At GAM Investments’ latest Active Thinking forum, David Dowsett discusses the key focus point for the week ahead: what central banks are going to do next and the inflation trajectory.

13 June 2023

Although last week was a relatively quiet one in terms of information releases, there are two points we believe are particularly worthy of note. First, the data that was released was on the softer side, namely the US ISM Services PMI number which at 50.3 was barely an expansion. Notably, this is the part of the economy that has been providing strength in the US. In addition, the weekly jobless claims number was quite significantly higher. That is only a one-week observation but suggests we are seeing some slowdown in US growth. It is also notable that the euro area confirmed it has been in a technical recession for the past two quarters – only a -0.1% growth rate in Q4 2022 and Q1 2023, but bearing in mind the relief that we had avoided the worst in Europe because the energy situation was better than expected, that is quite a significant observation. Second, last week, both the Bank of Canada and the Bank of Australia raised rates, having previously paused their interest rate hiking cycle. That was a surprise but speaks to what will be a focus point this week: what central banks are going to do next and the inflation trajectory.
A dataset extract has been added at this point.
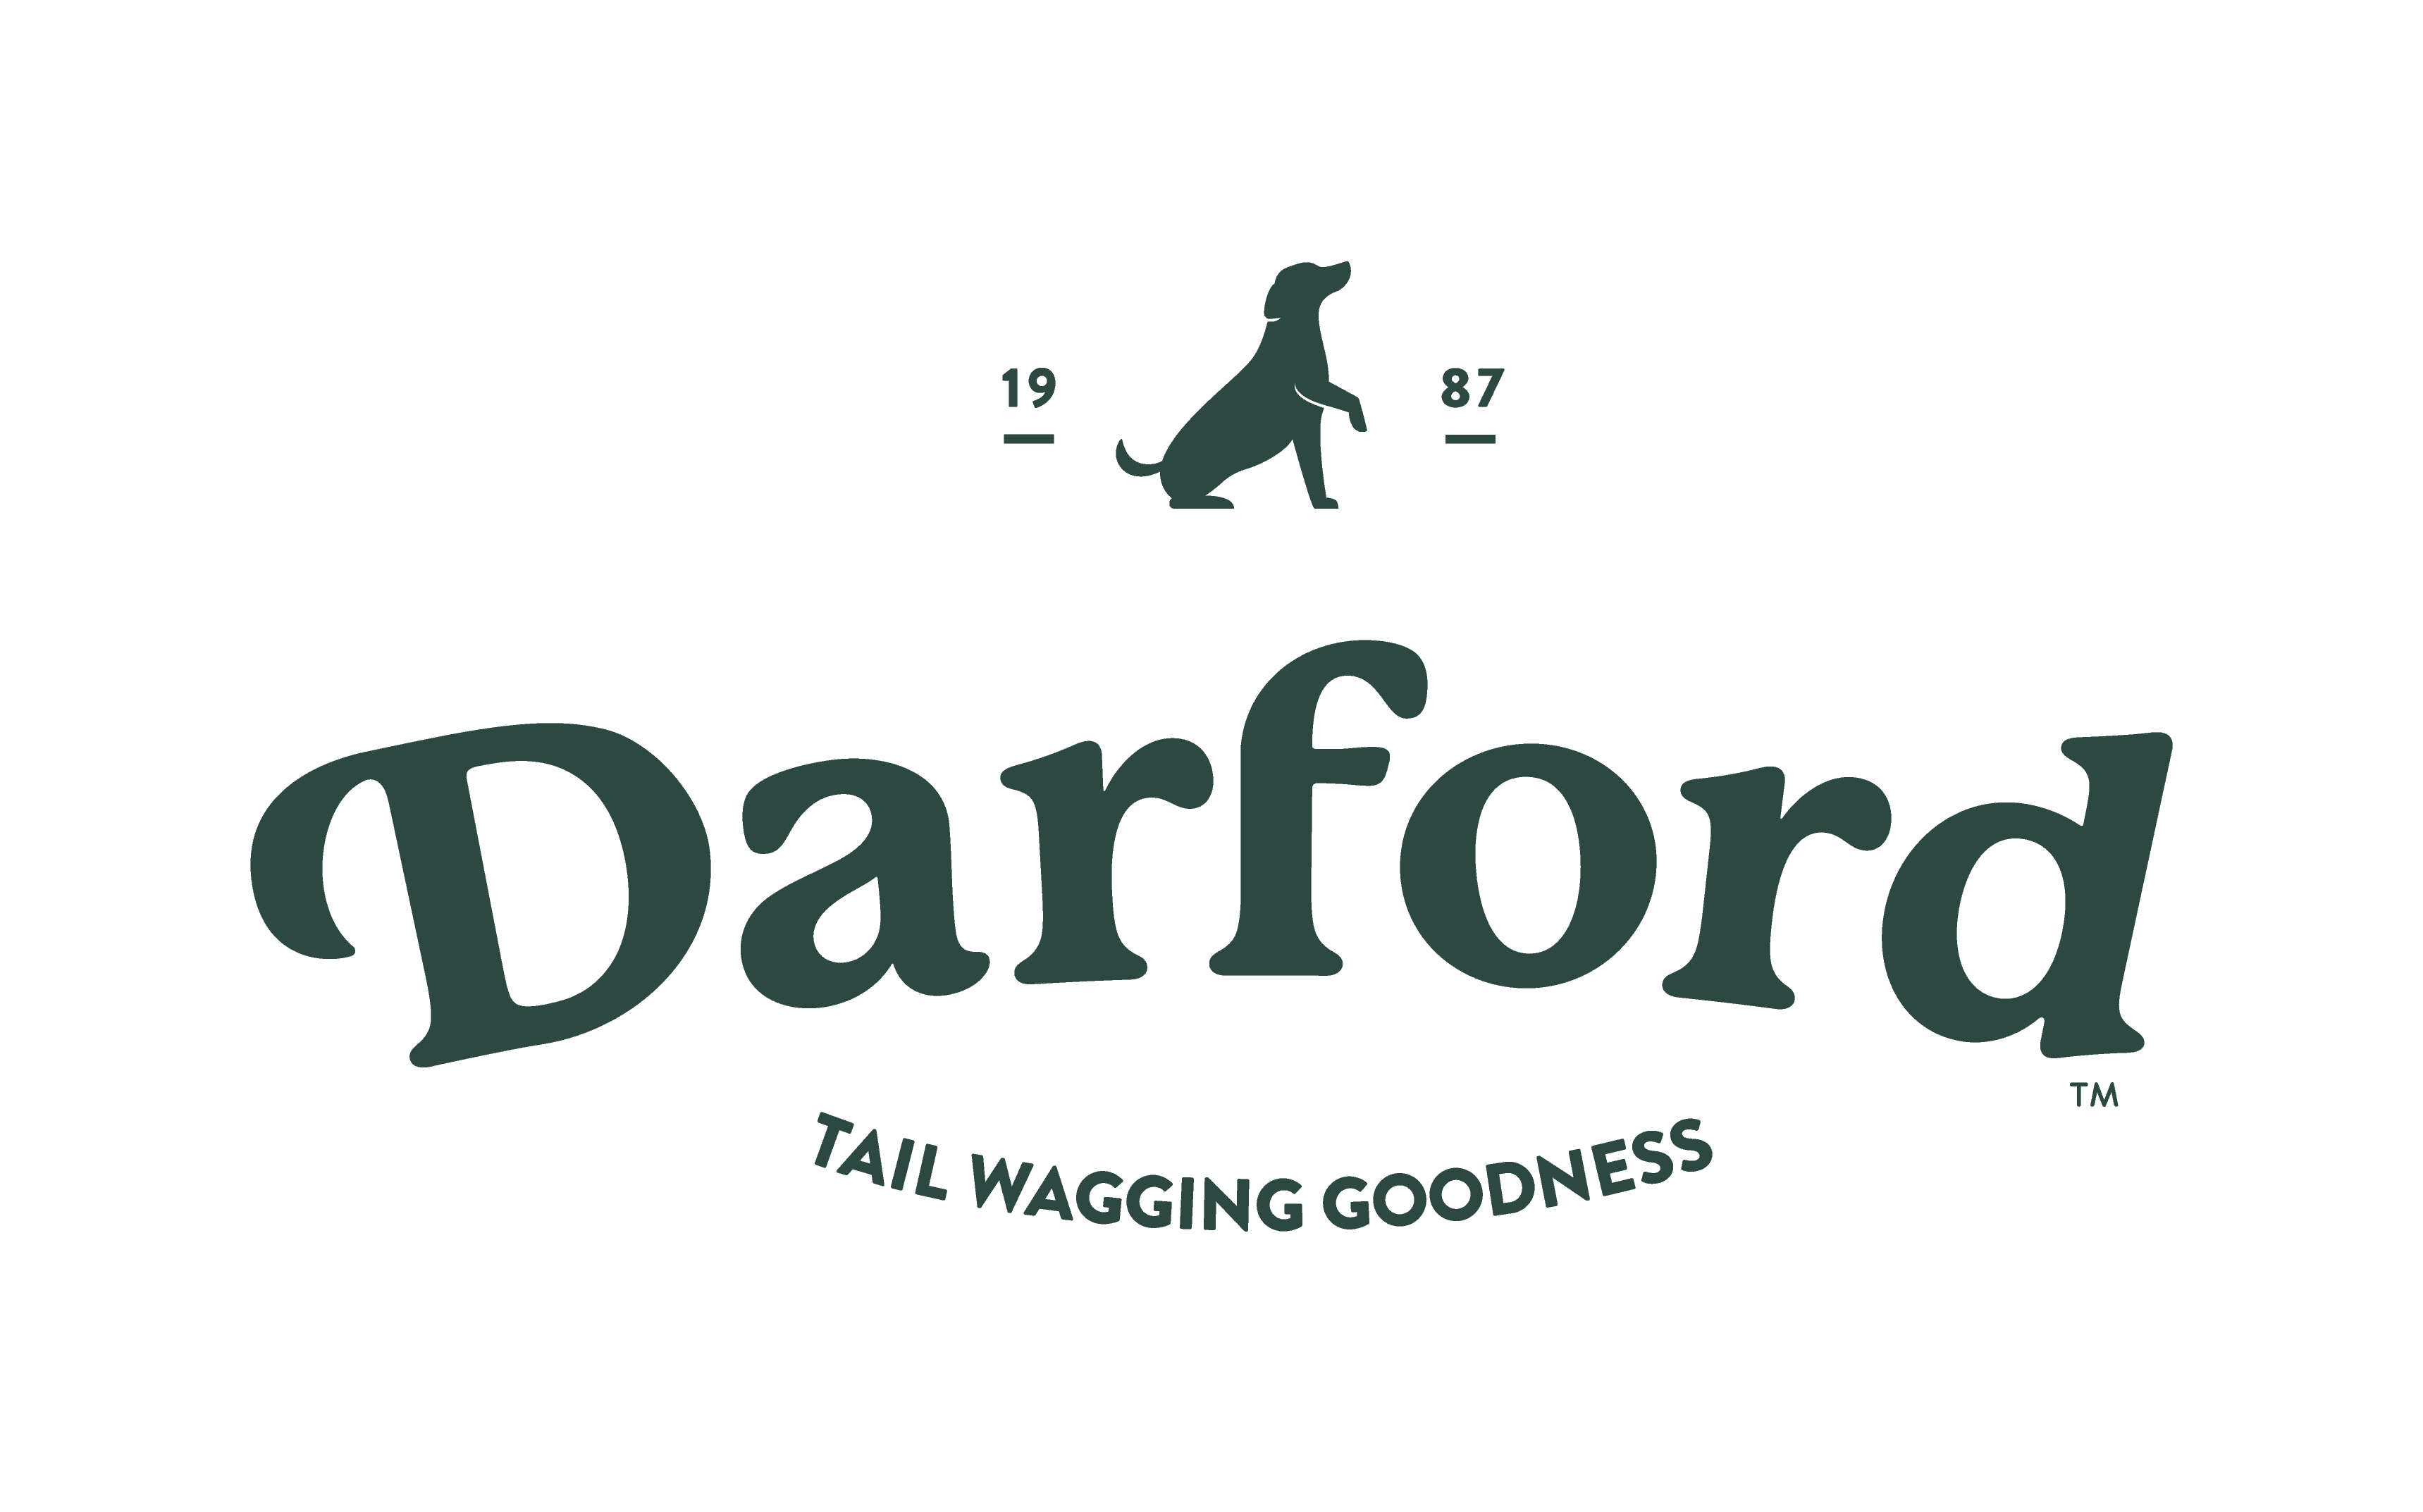 Darford dog treats logo

The first key release this week will be the US CPI number for May. The headline number could be close to flat but I believe markets will be focusing much more on the increase in core inflation which is probably likely to show that year-on-year inflation in the US is running at around 5%, which is still too high and will need to be addressed by the Federal Reserve (Fed) when it meets on Wednesday. We believe the most likely outcome is that the Fed will pause on Wednesday, but it will be a hawkish pause in which Chairman Powell is likely to emphasise that the Fed is not at the end of the rate hiking cycle, but rather that it wants to take some time out to see what happens on growth relative to inflation. The stickiness of core inflation, which can be observed in many of the major economies in the developed world at the moment, will need to be addressed. This will be the first key central bank meeting to focus on but there are others that we will be watching as they show divergence in the direction that central banks are currently taking.

The European Central Bank (ECB) will meet on Thursday and is likely to hike. Again, even though we are in a technical recession in Europe, the ECB is likely to raise rates by 25 basis points (bps) because of the stickiness of core inflation and we believe it will signal that it will continue to hike a little further. On 15 July we also have the Bank of China meeting, where we may see a rate cut given weaker data from China. It will be a key focus to see what the central bank does in terms of liquidity.

Finally, we have the Bank of Japan (BoJ) meeting. It is probably worth reminding ourselves that despite interest rates increasing in most places in the developed world, Japan is still running a negative interest rate. The Japanese economy is performing fairly well and inflation is probably higher than expected, but we would not expect to see any change in official interest rates. The BoJ is likely to maintain that negative interest rate and to move extremely gradually. We will be watching for any potential change the bank might signal on the corridor for yield curve control in Japan.

We will also see data released from China during the week, as well as retail sales in the US. Is all of this going to change the direction for equities? Perhaps not in the short term. We still have relatively well supported developed market equities, at least in the absence of materially bad information and that may continue in the short term. I think it is worth emphasising, however, that for the medium term the balancing act that central banks are trying to perform of engineering a growth slowdown in the face of the continued stickiness of inflation is still there and remains a challenge for them, which has not been resolved in any way, shape or form. We will see some significant signposting on how they are addressing that challenge over the next few days, which will be worth paying close attention to.